- [Exercise details]: Exactly the lines from the one containing "Роман Скрыпин (Украина)" through the one containing "Televisión Smart TV" in the listing below are to be copied, with the pictures left out.

- [Data in this exercise]:
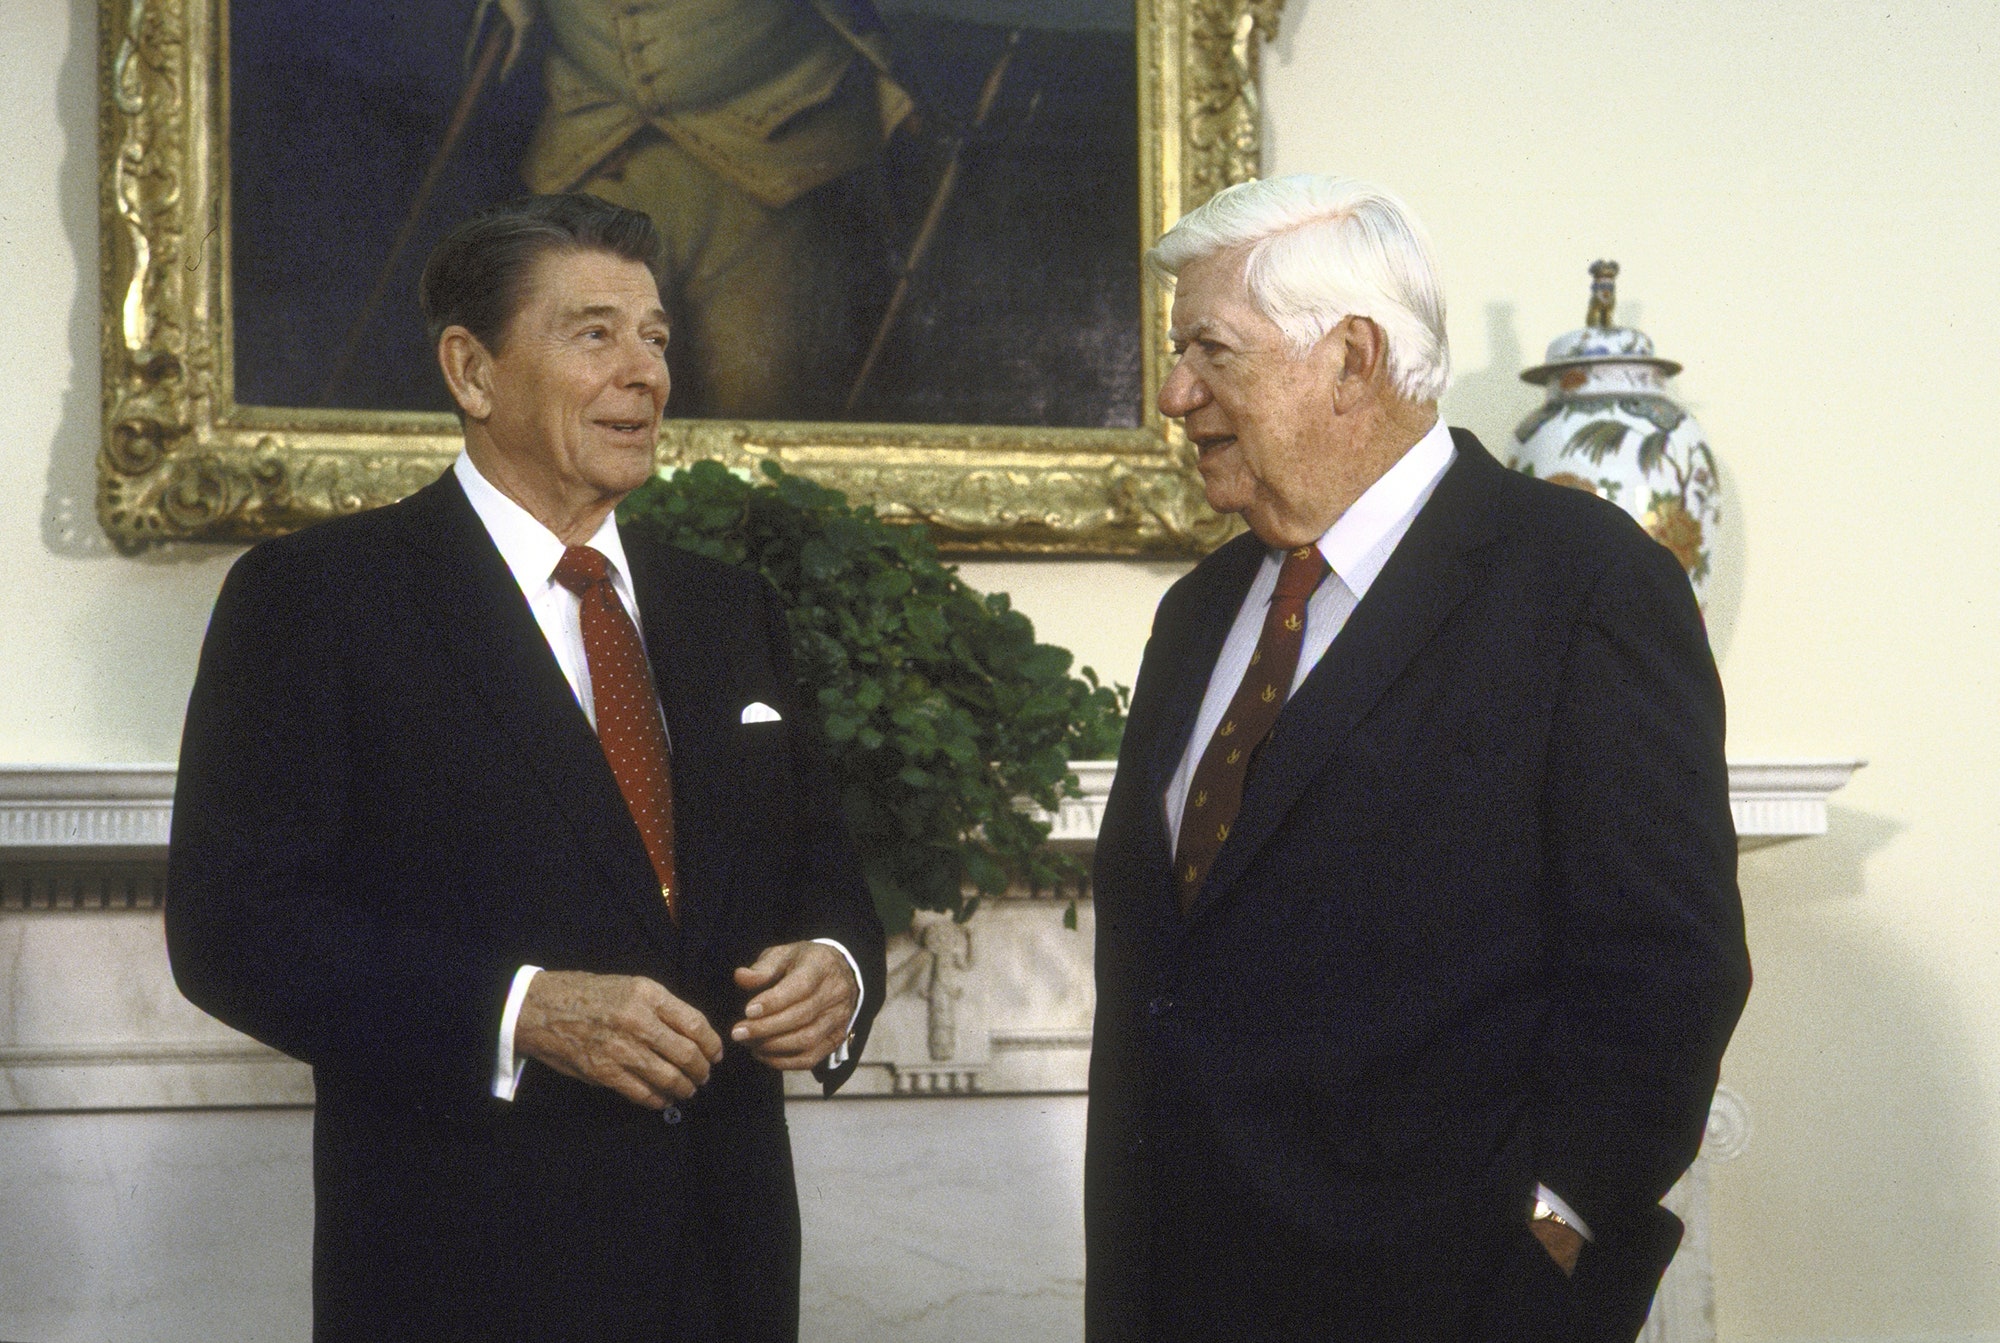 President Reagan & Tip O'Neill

--

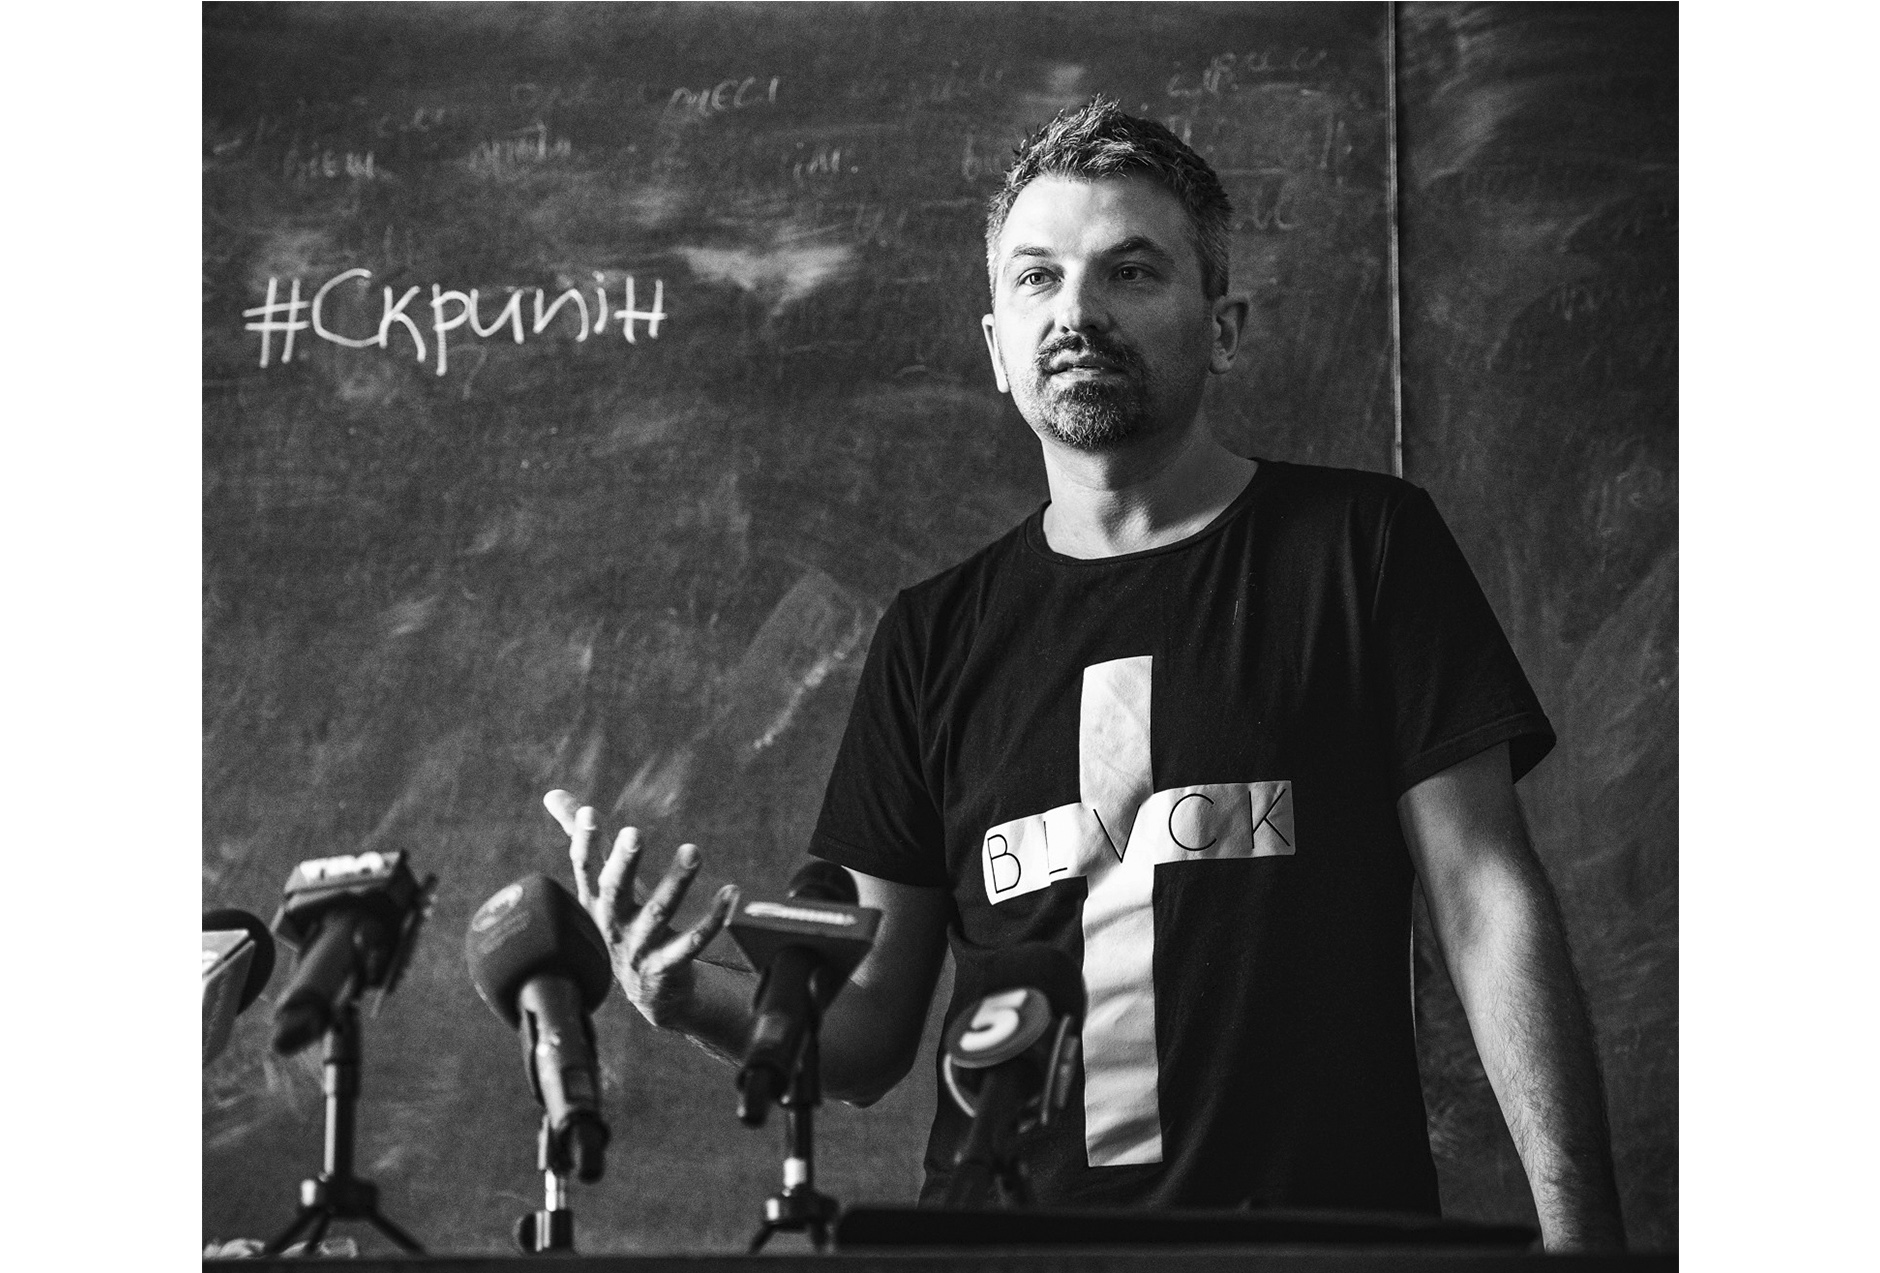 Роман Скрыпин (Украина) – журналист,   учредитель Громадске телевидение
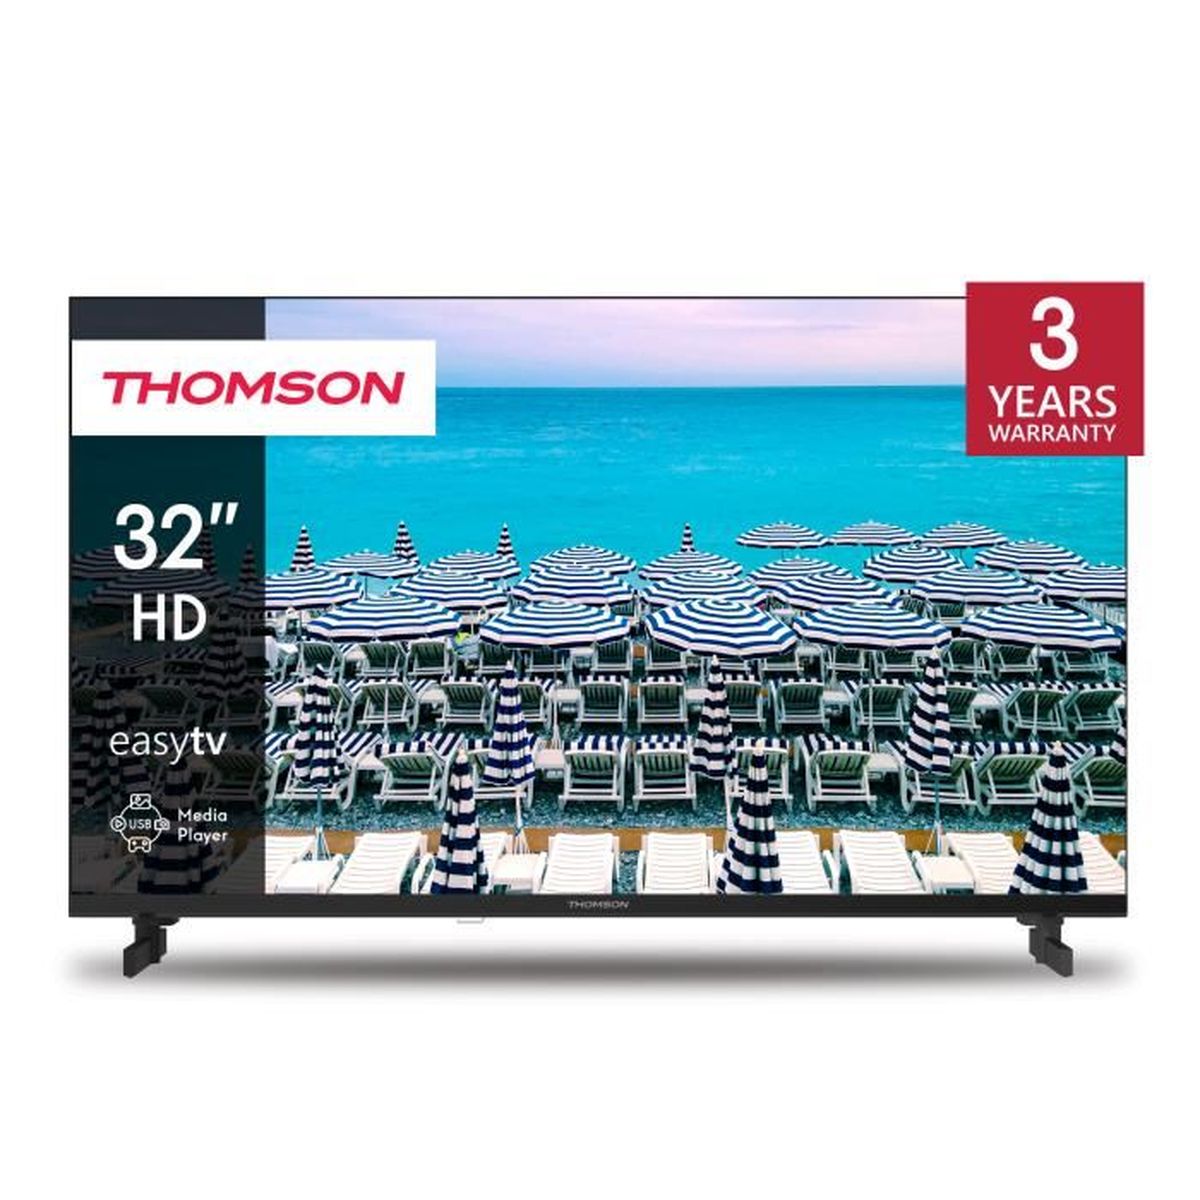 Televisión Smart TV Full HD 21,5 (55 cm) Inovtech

* * *

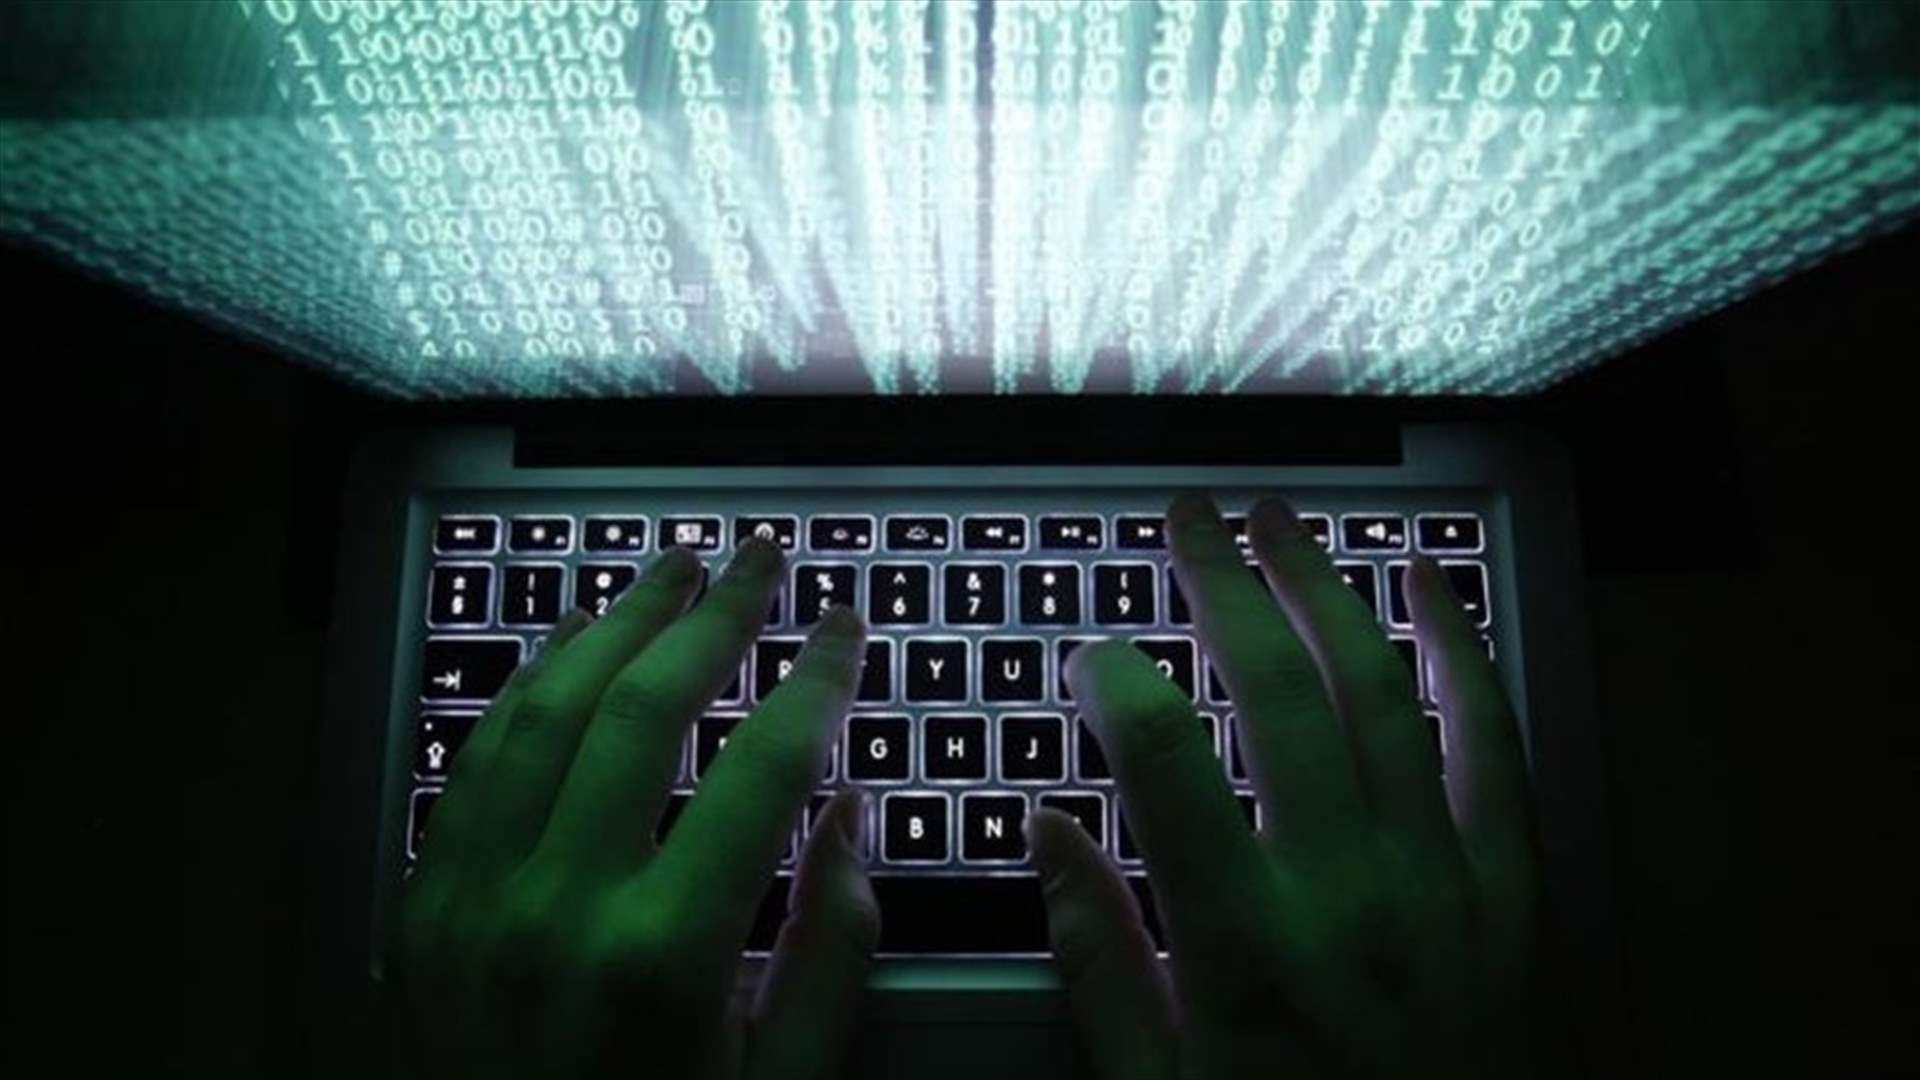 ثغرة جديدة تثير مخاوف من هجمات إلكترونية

- [Answer to the problem]:
 Роман Скрыпин (Украина) – журналист,   учредитель Громадске телевидение
 Televisión Smart TV Full HD 21,5 (55 cm) Inovtech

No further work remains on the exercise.